Teenager, Parents Arrested for Trespassing After Violating School’s Quarantine
By Corinne Murdock |
Last Friday, a teenage student and her parents were arrested for trespassing as they advocated for her education. The family was attempting to negotiate their daughter’s forced quarantine with the school principal. According to the parents, Damien and Jennifer Majuta, their daughter was healthy and not proven to be infected. The semester had just begun the previous week.
Sahuarita Unified School District (SUSD) policy requires that individuals potentially exposed to COVID-19 must quarantine for 10 days or until they receive a negative test. Even with a negative test, students must quarantine at least 7 days. Walden Grove High School (WGHS) thereby prohibited the Majutas’ daughter from attending school. Contact tracing indicated that she’d potentially been exposed to an infected individual.
AZ Free News inquired with SUSD about their policies for mitigating learning loss, as well as providing for students who rely on in-person resources such as school meals. SUSD didn’t respond by press time.
Five other adults accompanied the Majutas to contest the apparently-healthy student’s quarantine. When the group of seven wouldn’t leave, Sahuarita Police Department (SPD) responded to the scene. SPD attempted to mediate the situation. Ultimately, they arrested the Majutas for trespassing at WGHS’s insistence. SPD published an account of the incident on Facebook.

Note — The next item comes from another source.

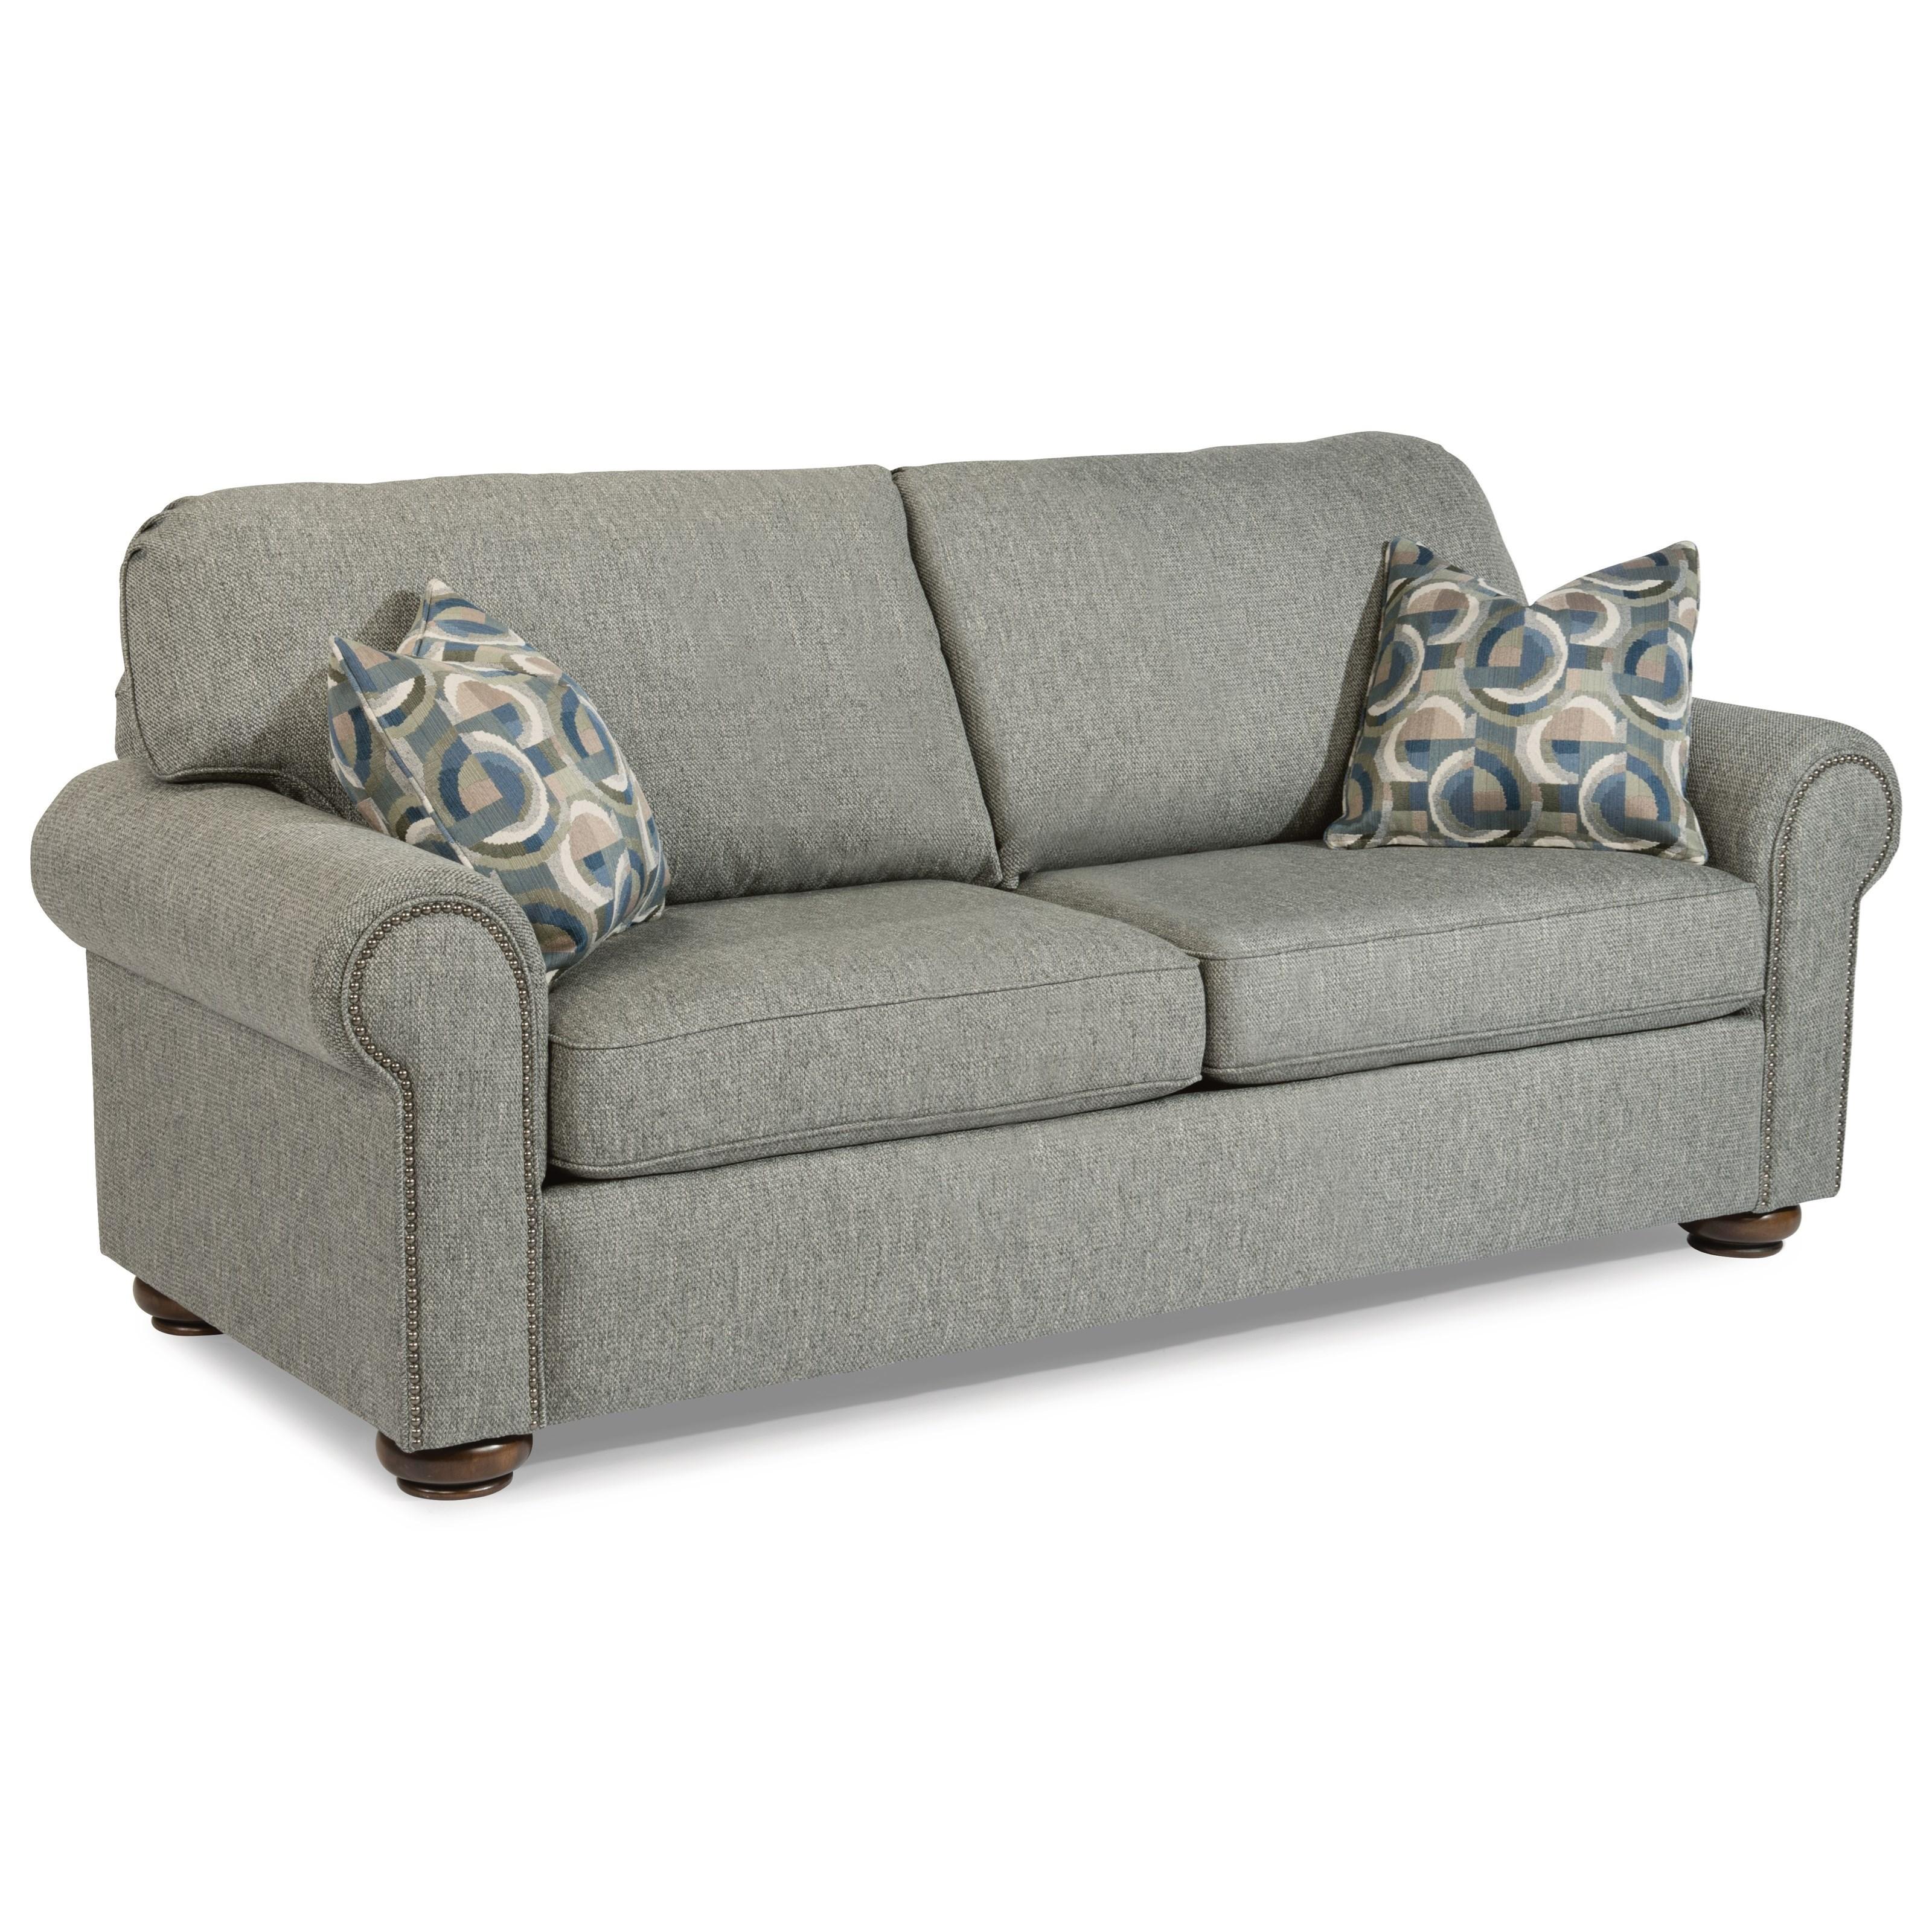 Primo Full Sleeper Sofa by Flexsteel at Crowley Furniture & Mattress

Videos captured of the Majutas show them insisting to the officers that they’d broken no laws by bringing their daughter to school.
Jennifer Majuta insisted that trespassing doesn’t apply because her daughter is legally enrolled in the school, and that no laws exist concerning quarantining measures imposed by public schools. Jennifer Majuta pleaded with the officers to understand that their daughter would never get to go to school because of constant quarantines.

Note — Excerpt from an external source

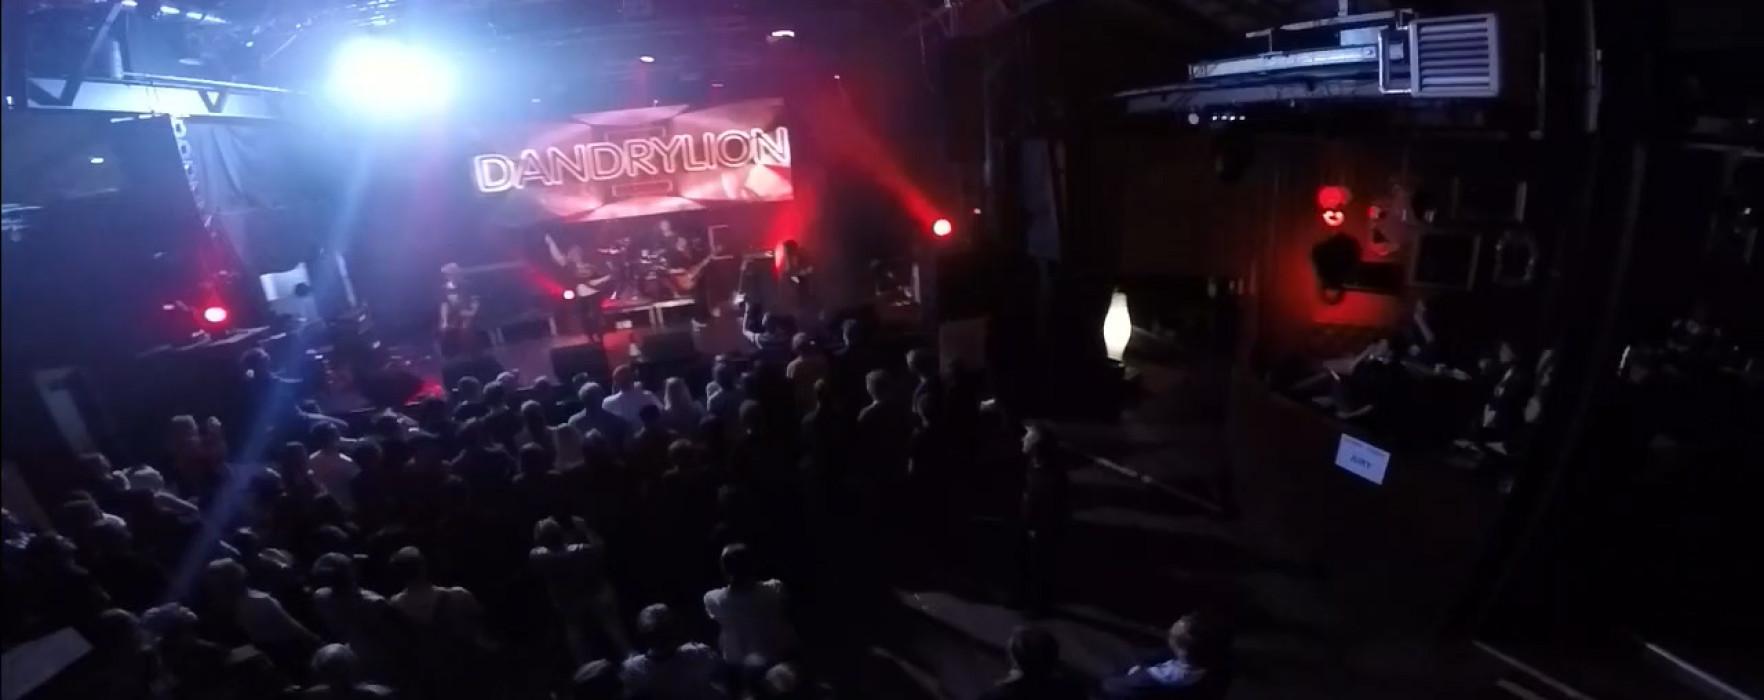 Glimt – Dandrylion på Livekarusellen

“There is no law. They have no justification to remove her from the school. She is legally enrolled in the school. If you want to remove my husband and I – we are her legal guardians, she is an underage minor – you can either arrest her with us, [or] you can leave her here, and we respect you, you can do whatever you need to do, but we will be filming it and we will go peacefully,” said Jennifer Majuta. “You guys are backing somebody – an entity – that is not even based in law.”
An SPD officer responded that the law empowers schools to send home students for any reason. He pleaded with the Majutas to not make them arrest their family. The officer asked if there was anything he could say or do to convince them to leave the campus. Daniel Majuta said that they could allow his daughter the right to receive her education. The officer said he had no control over that.
“The law is – they are asking you to leave, they are asking your daughter to leave,” said the officer.
Damien Majuta emphasized that the arrests needed to be done. He insisted that no other recourse existed. According to the Majutas, they’d attempted to speak with the district and school board on multiple occasions about COVID policy, to no avail.
“People throughout history have [had] to stand up to get things to change,” said Damien Majuta. “The optics are in our favor. The school district is going to get in a lot of trouble for this.”
SPD released the Majutas by citation after photographing and fingerprinting them.